Tuesday, January 30, 2007

More on Fundamental Marketing: Still a Rare Skill

Yesterday morning's Wall Street Journal piece in the "Theory & Practice" column of its Marketplace Section was entitled, "Seeing Through Buyers' Eyes."

As do so many of this column's pieces, it rehashes an introductory marketing concept- understanding customer needs and potential uses of your product or service.

Will we never learn? This is such fundamental marketing, and, yet, it still gets coverage in a recurring column in the nation's most widely-disseminated business daily.


The article in question recounts various large companies' efforts to focus product development on how consumers would actually use their products, and what the needs of those consumers actually are, as they pertain to the companies' offerings.

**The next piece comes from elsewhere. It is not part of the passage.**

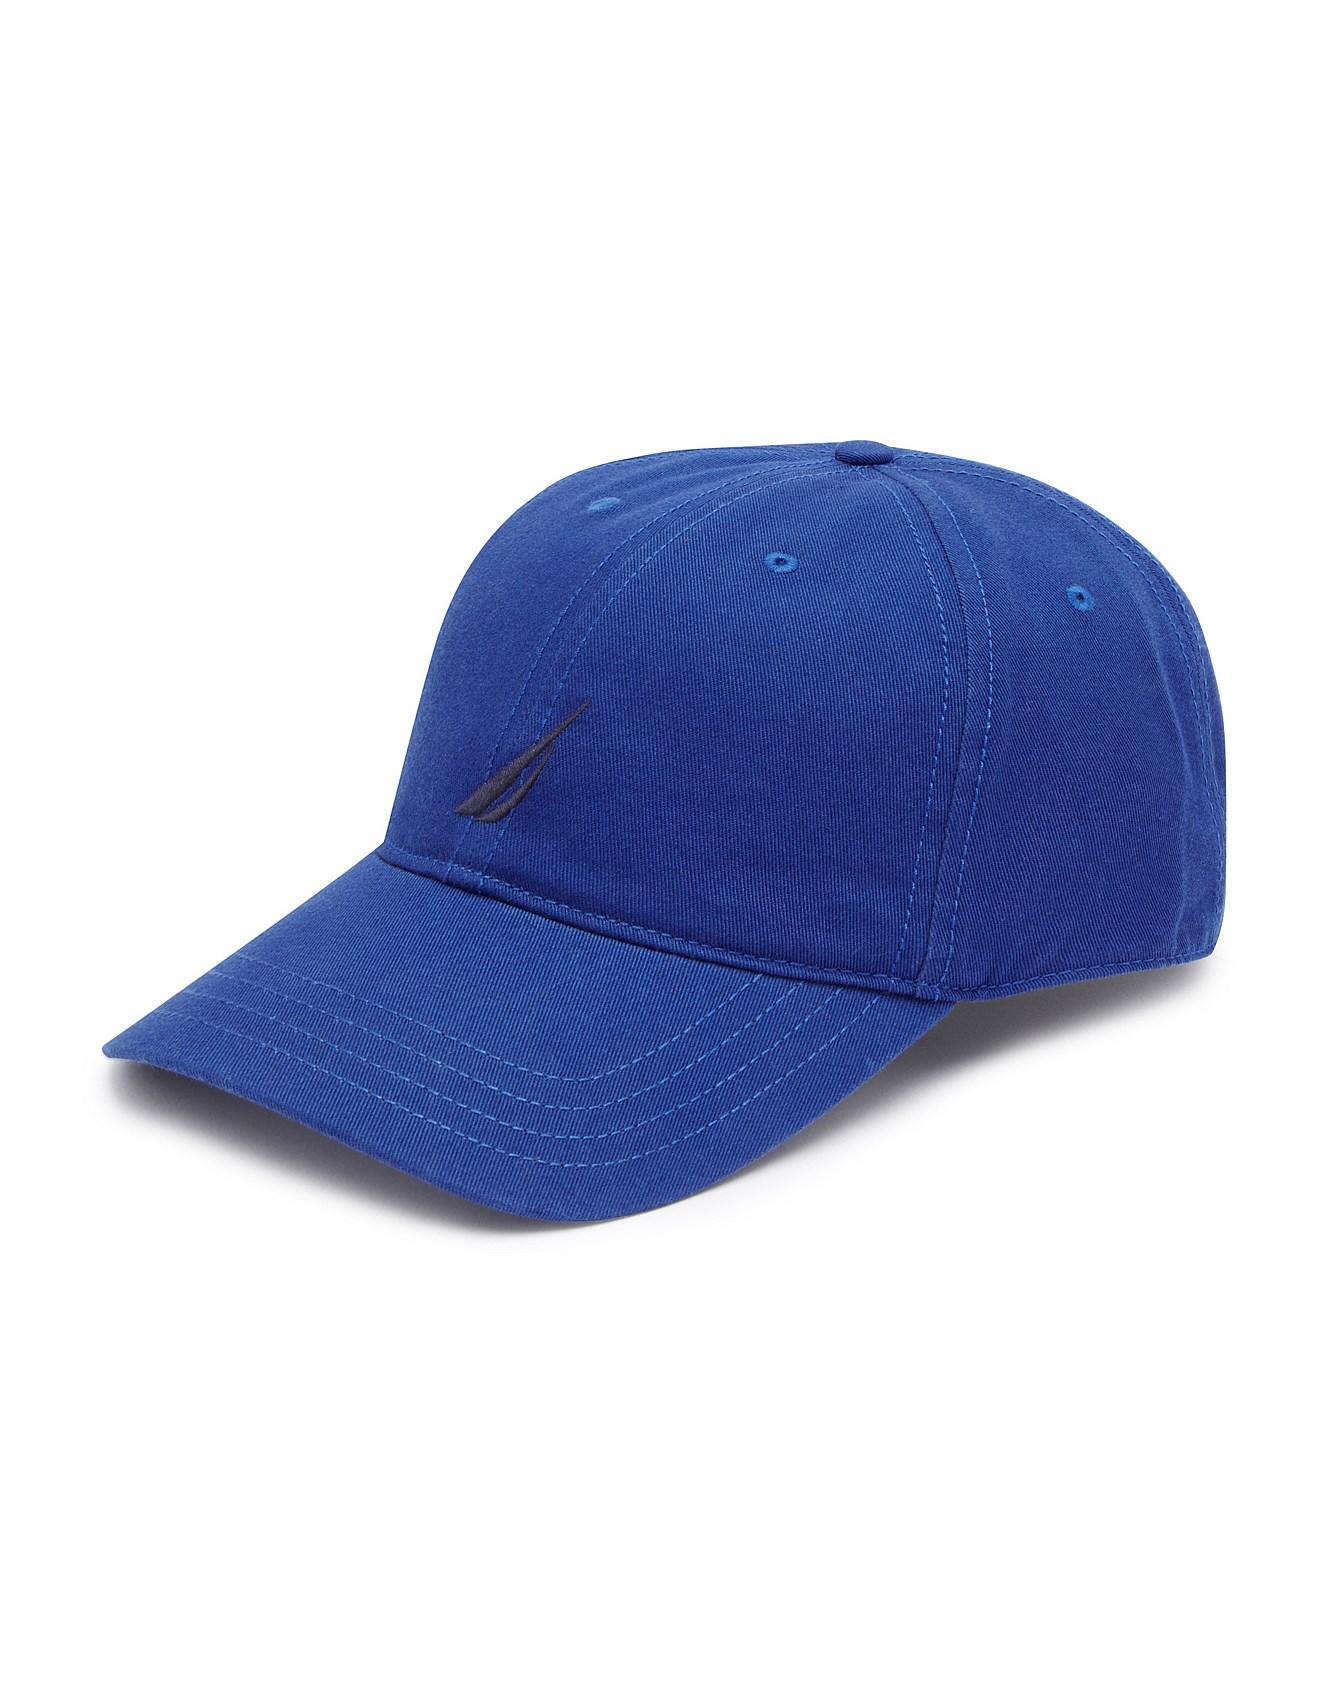 246c485f2fd 6 PANEL BUCKLE HAT

GM and P&G are mentioned.

As I have written before, perhaps it is a measure of overall management mediocrity that this sort of topic commands such attention. As someone who holds two marketing degrees, I can attest to the fact that the subject of this article is neither news, nor a recent finding. This sort of thing is literally the most fundamental marketing principle in existence.

Which leads me to once again, as in my prior post, be reassured by the mediocrity and lack of attention to fundamentals of most executives. This article probably is news to a lot of WSJ readers.

That just makes it easier to select the superior companies, which have superior-performing executives, in which to invest, for consistently superior total returns.